Georgetown announced changes in Fall 2020 tuition, housing, and dining charges on July 21 in an email to undergraduates and their families. The email also reiterated the university’s fall semester plans to house approximately 2,000 students on campus and to alter the semester’s calendar.
For the fall semester, the roughly 5,500 Main Campus undergraduate students who are not invited back to campus will receive a 10 percent reduction in tuition charges. The email from Provost Robert Groves and Senior Vice President and Chief Operating Officer Geoffrey Chatas stated that the university made this decision “in recognition that undergraduate students who return to campus will have access to certain services that will be unavailable to off-campus students.” Students that have been invited to live on campus will be charged the previously announced tuition for Fall 2020, a 3.5 percent increase from the Fall 2019 rate.
The 2020-2021 Undergraduate Bulletin reflects these reductions, with tuition per semester for full-time students on-campus listed as $28,692 and the tuition per semester for full-time students not invited back to campus for Fall 2020 listed as $25,823. This tuition reduction applies to part-time students as well, with the tuition per credit for part-time students on-campus as $2,391 compared to $2,152 for part-time students not invited back to campus.
The university also announced in the email that housing and dining charges will be reduced by 20 percent for the undergraduate students invited back to campus. According to the email, this change was made in recognition of the shorter semester, with most on-campus students leaving on Nov. 20, and the “impacts of the health precautions on residence life.” Additionally, the 20 percent reduction in housing will be based on the lower double-occupancy rate instead of the higher single-occupancy rate, despite each on-campus student being placed in a single room. Students not invited back to campus in the fall will not pay room and board fees.
The email also noted that if prior to the start of the Fall 2020 semester, public health concerns prohibit having any undergraduates living on campus, all undergraduates would receive the 10 percent tuition reduction.
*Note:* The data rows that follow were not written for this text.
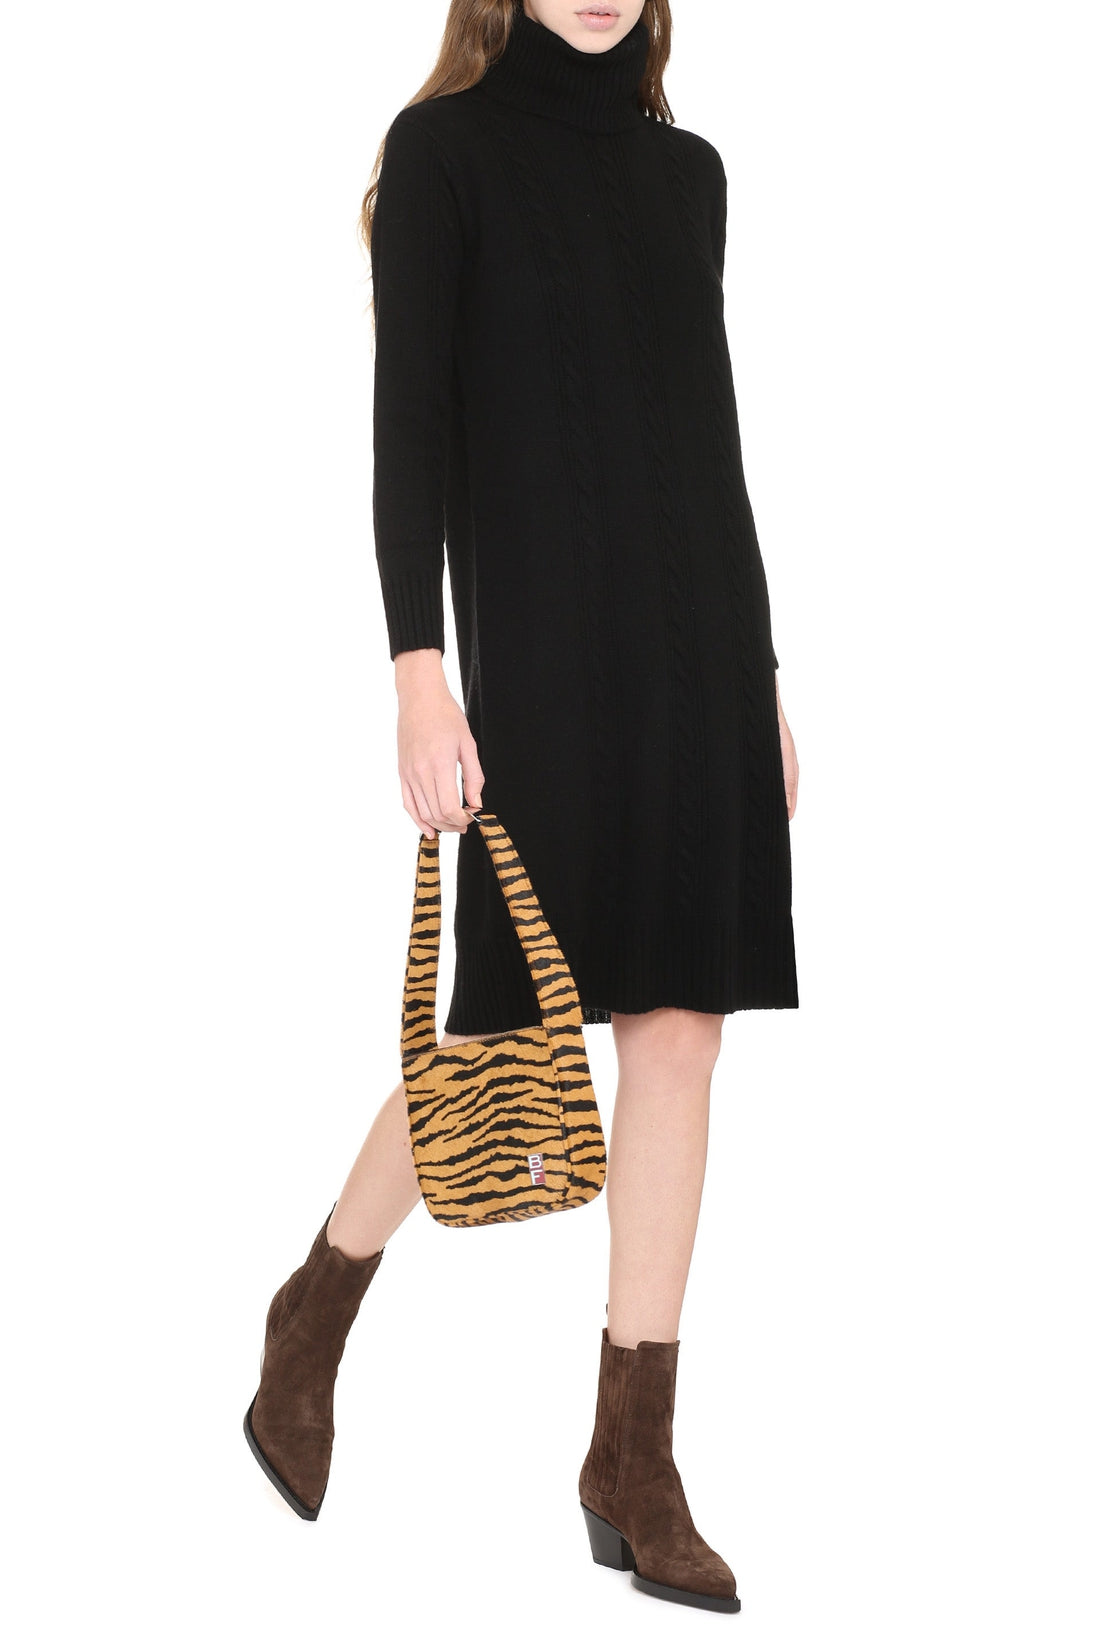 Max Mara Studio-OUTLET-SALE-Paese wool cable knit dress-ARCHIVIST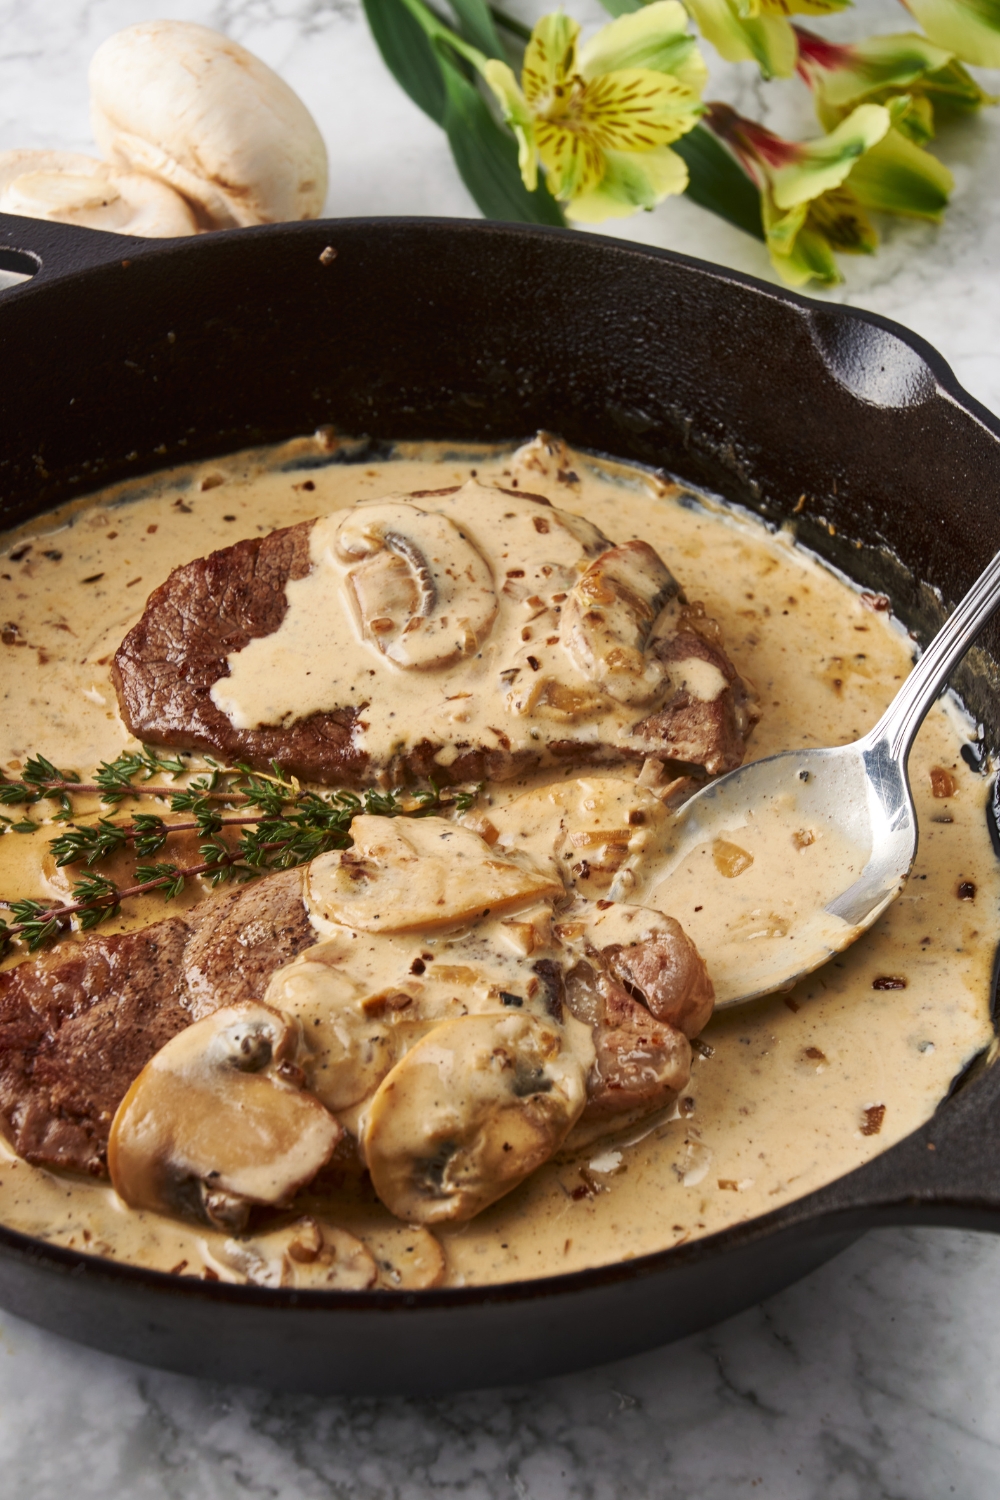 Two seared filet mignon steaks being covered in a brown mushroom sauce with a spoon.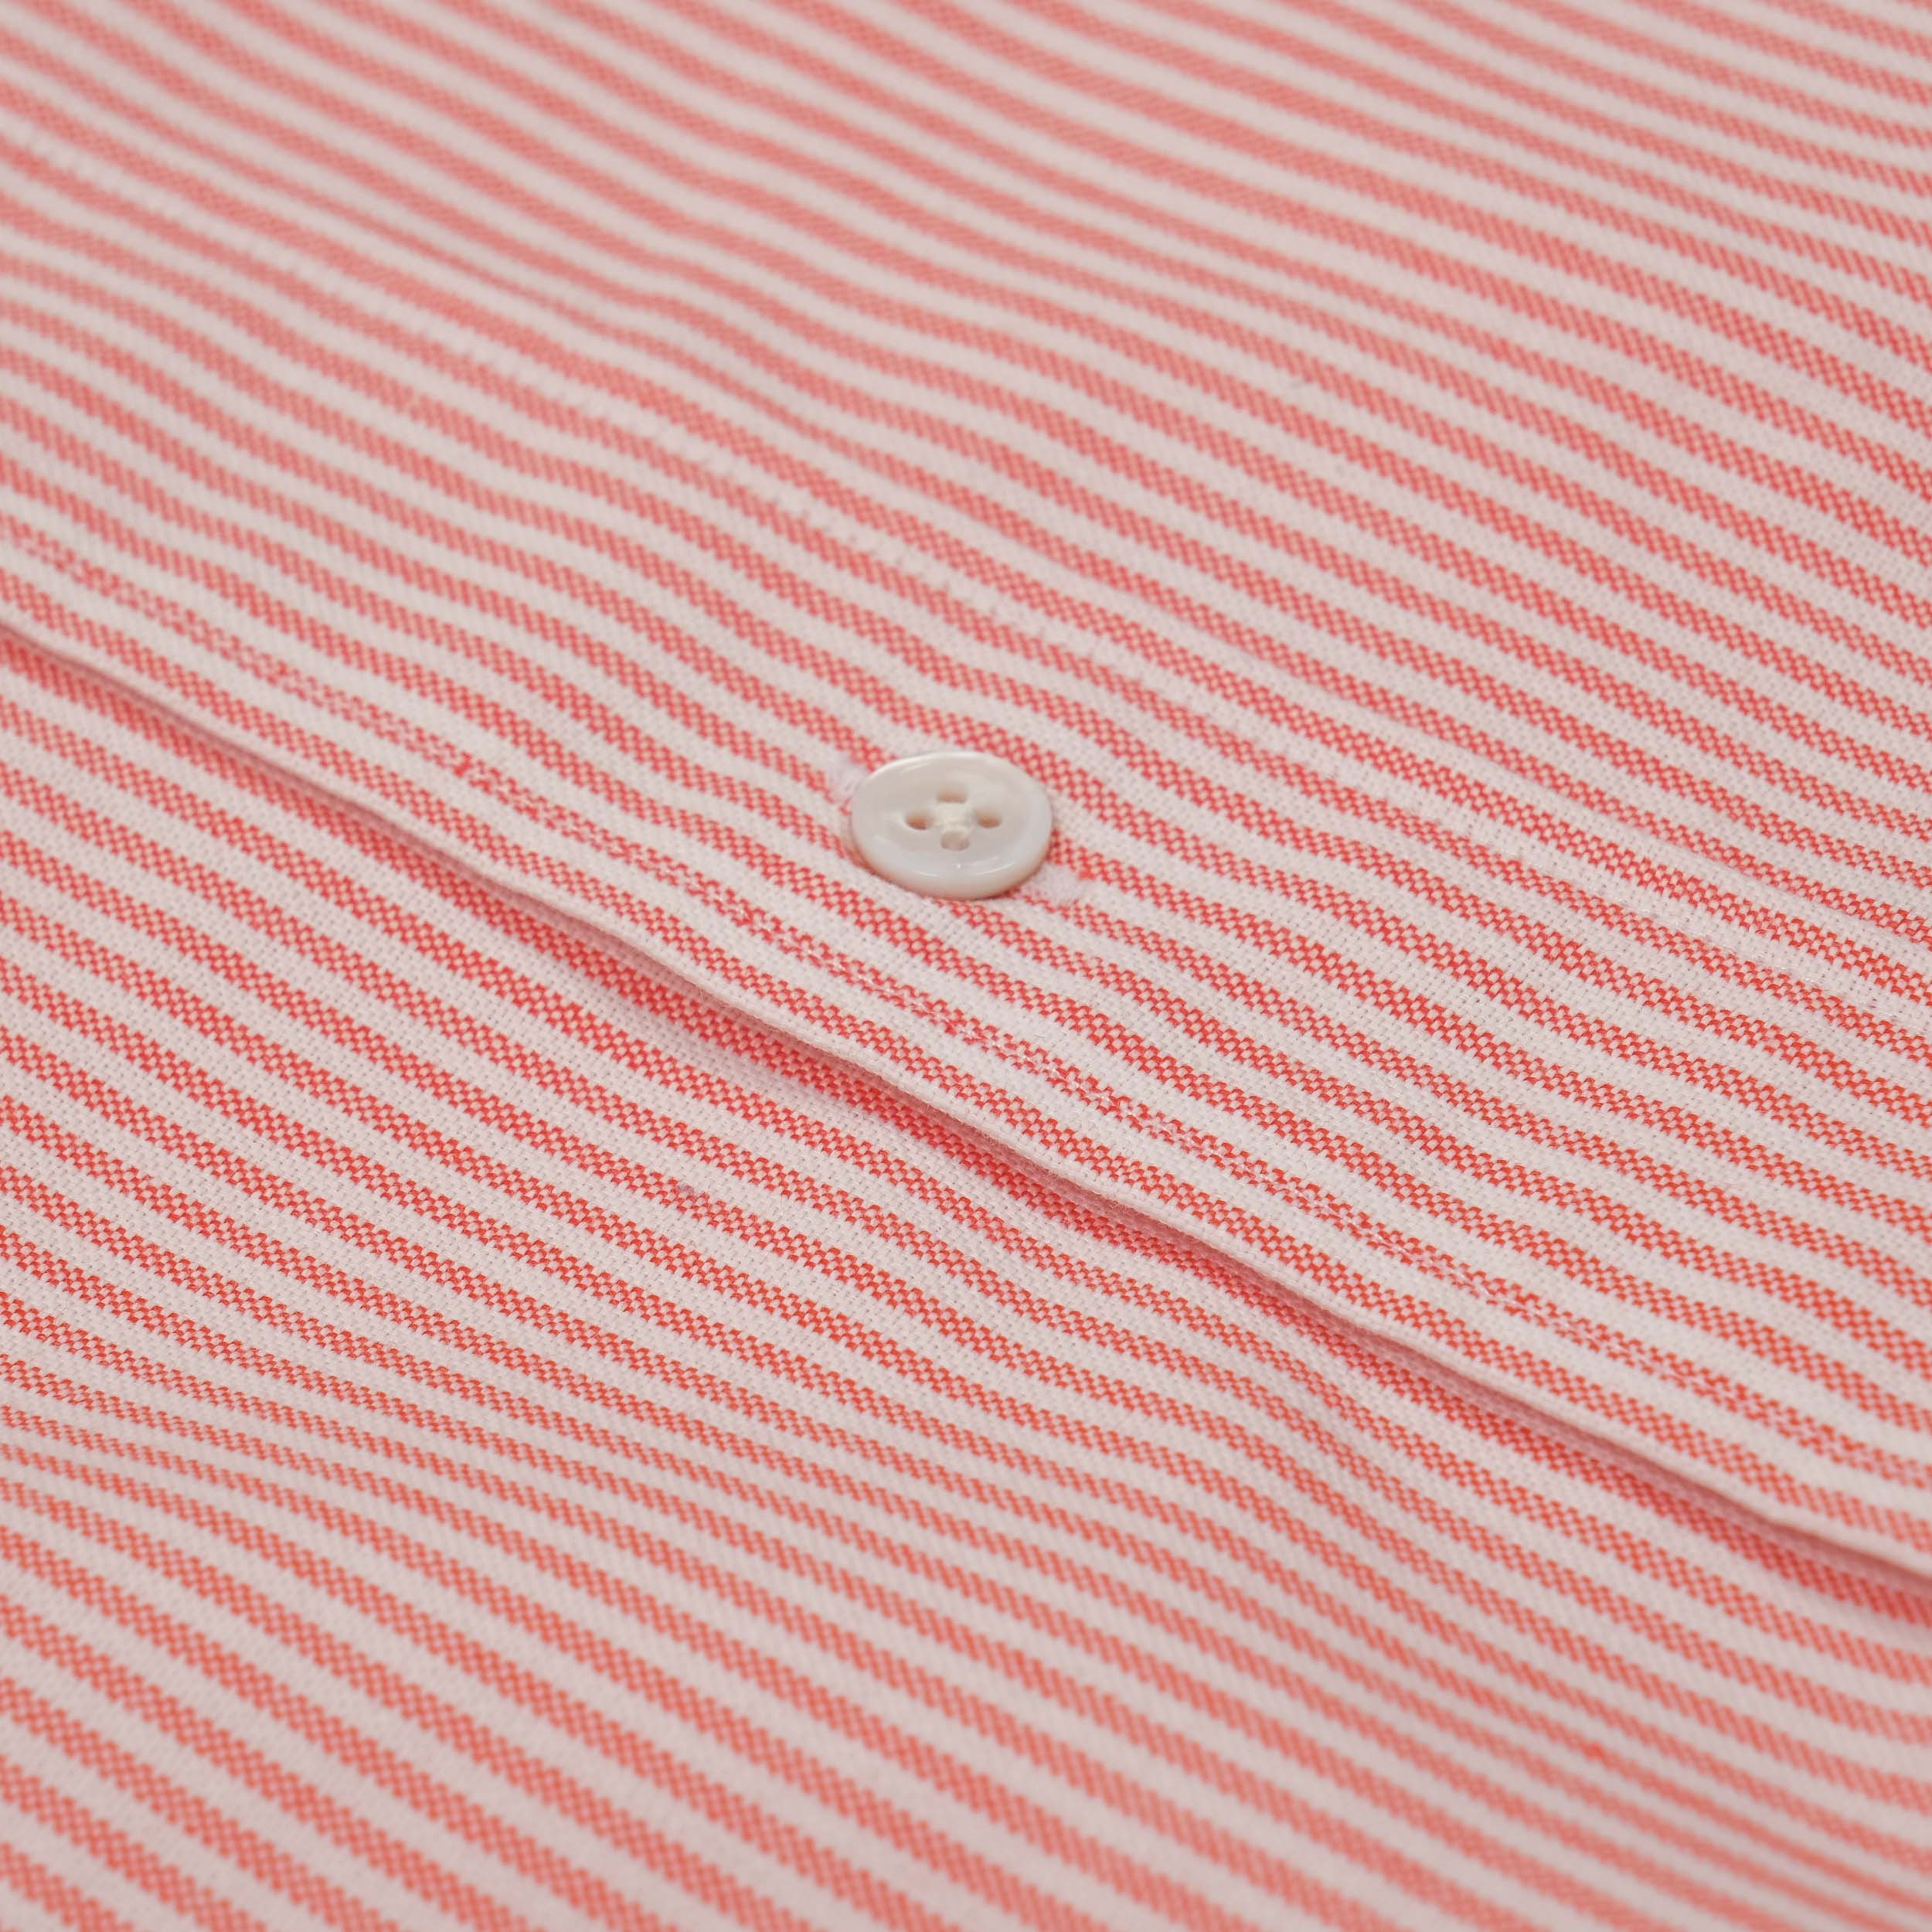 PREPPY STRIPED SHIRT - RED - BRUT Clothing

The university has yet to clarify exactly how these changes will impact students’ offers of financial aid for the semester. According to the Fall 2020 Tuition, Fees, Housing and Dining Charges FAQ on the university’s Revenue and Receivables website, the Office of Student Financial Services will revise financial aid offers to reflect the updated costs included in the “Cost of Attendance” that is used to calculate eligibility for financial aid programs. It’s also noted that for students not invited back to campus, the newly discounted rate will be used in calculating the new financial aid packages. Because most financial aid is given to supplement the expected family contribution, not as a percent of all charges, it seems likely students on aid will not see a substantial decrease in charges from the university.
Though a July 7 email from Vice President Todd Olson mentioned a “modest living allowance” for students off-campus who receive aid, that was not mentioned in the most recent update. Financial aid information is expected to be released by the end of July.
While the majority of undergraduates will see a decrease in tuition, none of Georgetown’s graduate students will receive a tuition reduction for the Fall 2020 semester. The Revenue and Receivables FAQs noted that since many graduate classes will be conducted in a hybrid format, graduate students will be able to participate in their studies at least partly in-person in the classroom. It was stated that the tuition reduction for the undergraduates not invited back to campus is in recognition of the residential experience and on-campus services that will be unavailable to them and that graduate students already live off-campus.
As with the Fall 2020 plan announcement, the university explicitly stated that they had not made any decisions regarding the 2021 Spring semester, including possible tuition or housing cost reductions.